Justice Anthony Kennedy said of the law, “its purpose and effect are to silence entities whose voices the government deems to be suspect.” The majority overturned the Austin precedent.
“By a separate 8-1 vote, however, the court upheld another provision of the law, requiring those backing electioneering communications to disclose their names to the public. Only Justice Clarence Thomas argued that even that provision was unconstitutional.
Dissenting Justice John Paul Stevens attacked the majority, stating that “a democracy cannot function effectively when its constituent members believe laws are being bought and sold.” Three liberal justices—Ruth Bader Ginsburg, Stephen Breyer and Sonia Sotomayor—joined Stevens.
In an unusual move, President Barack Obama criticized the ruling during his State of the Union address a few days after the decision was issued. “Last week the Supreme Court reversed a century of law to open the floodgates for special interests—including foreign corporations—to spend without limit in our elections.” Justice Alito, who was attending the address, conspicuously shook his head and mouthed the words “not true.”
“The impact of Citizens United is still a matter of debate, though it is undeniable that the amount of money that pours into campaigns from corporations and unions has only gotten bigger, including unlimited independent expenditures to support or oppose candidates for office.”
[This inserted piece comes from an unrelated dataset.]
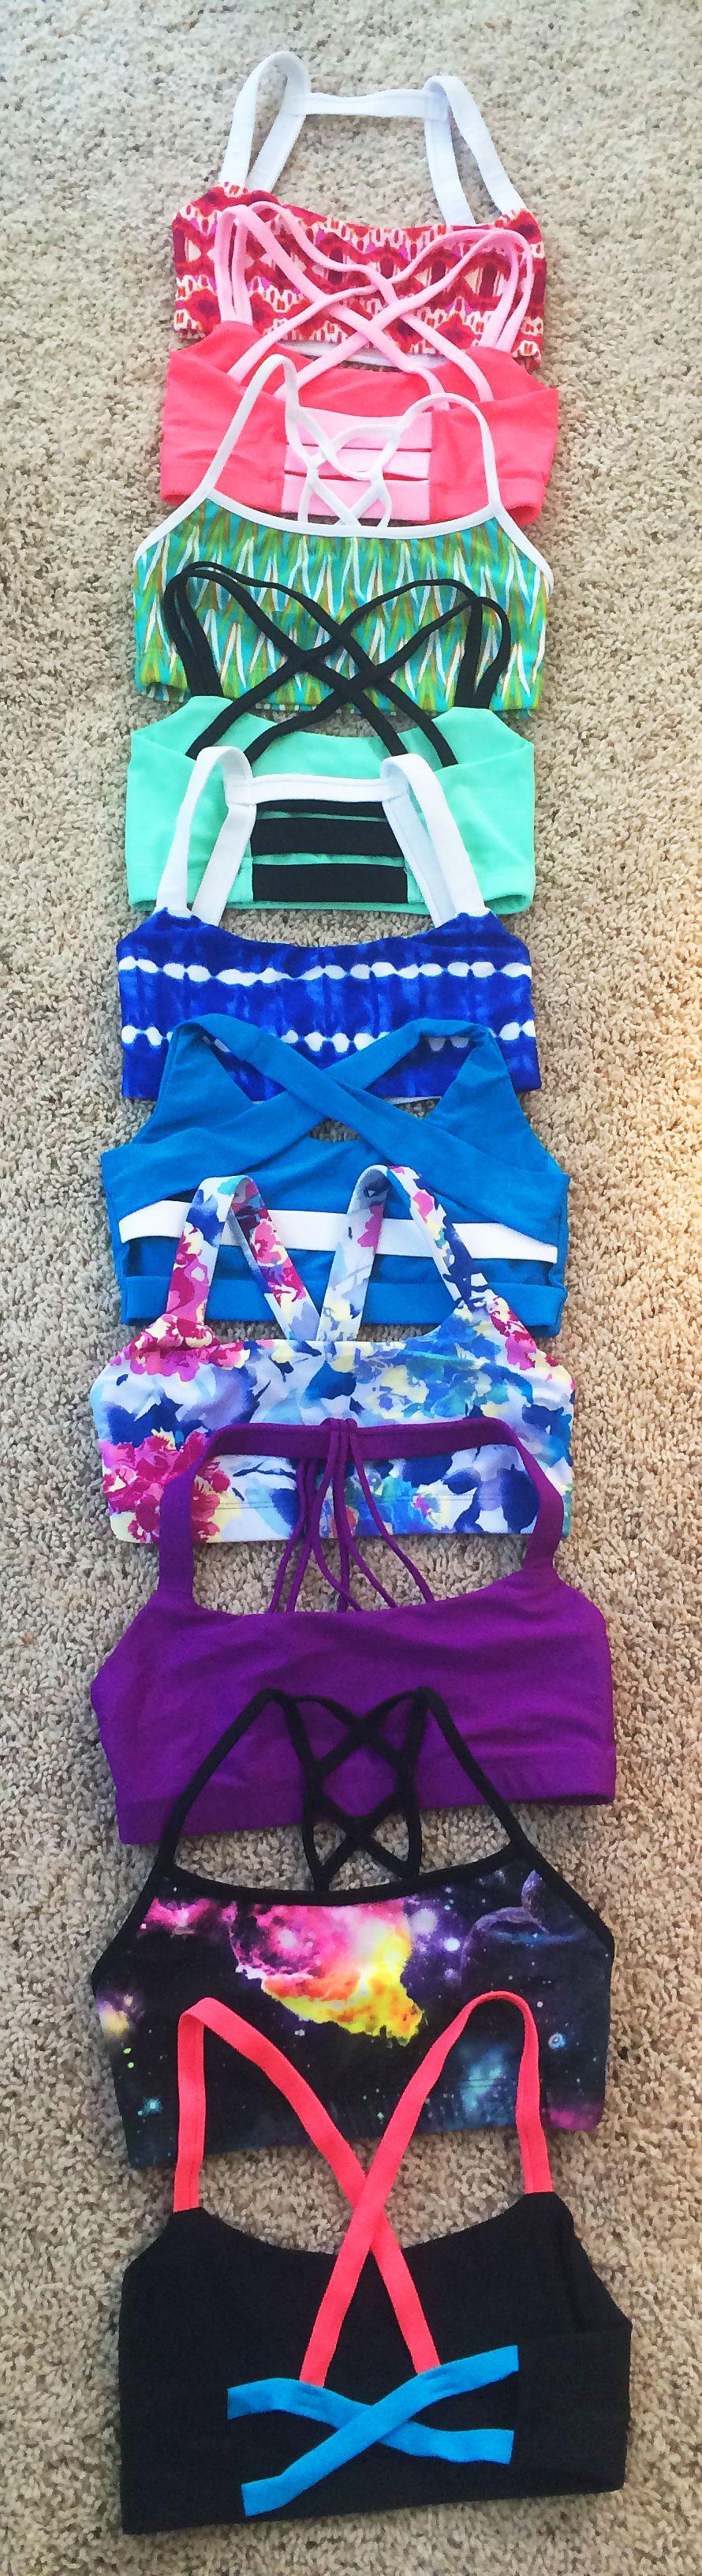 367b8541015 So many cute sports bras
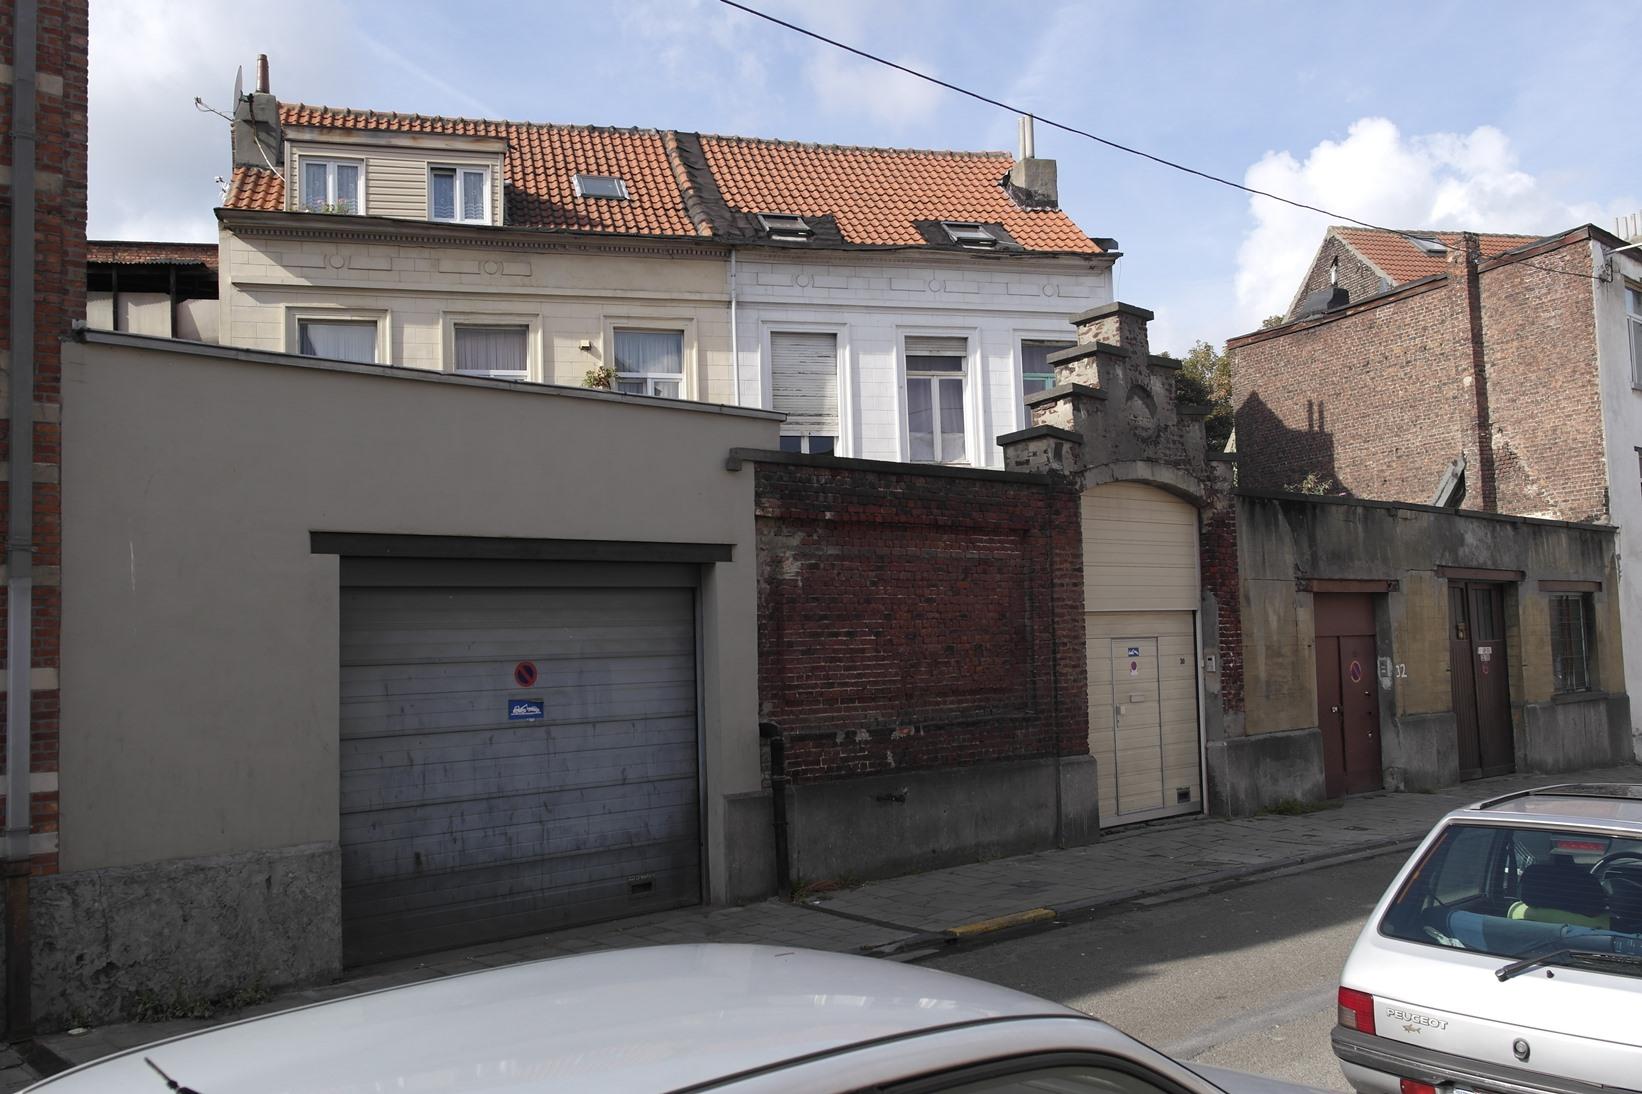 Engelenbergstraat 30, 32, 2014

Justice Anthony Kennedy, in the Majority Decision of the court in the Citizens United case ruled:
“The censorship we now confirm is vast in its reach. The government has ‘muffle[d] the voices that best represent the most significant segments of the economy.’ And ‘the electorate [has been] deprived of information, knowledge and opinion vital to is function.’ By suppressing the speech of manifold corporations, both for-profit and nonprofit, the government prevents their voices and viewpoints from reaching the public and advising voters and which persons or entities are hostile to their interests. Factions will necessarily form in our Republic, but the remedy of ‘destroying the liberty’ of some factions is ‘worse than the disease.’ Factions should be checked by permitting them all to speak, and by entrusting the people to judge what is true and what is false. ‘When the government seeks to use its full power, including the criminal law, to command where a person may get his or her information or what distrusted source he or she may not hear, it uses censorship to control thought. This is unlawful. The First Amendment confirms the freedom to think for ourselves.”
Whether Philippine Election Laws on campaign finances from corporations, factions, political interests groups or lobby groups will follow the precedent set by the United States Supreme Court is a concern that cannot be trivialized. Already our candidates rely on campaign contributions from corporations, lobby groups and vested political interests to fund their expensive campaigns. These monies they pay back by selling their souls to the devils that finance them.
If we were to amend our election laws, it should be to make stricter the prohibition on contributions by corporations, factions, political interests and lobby groups to finance candidates. Otherwise, only the rich and powerful, supported by the rich and powerful, will get elected every election.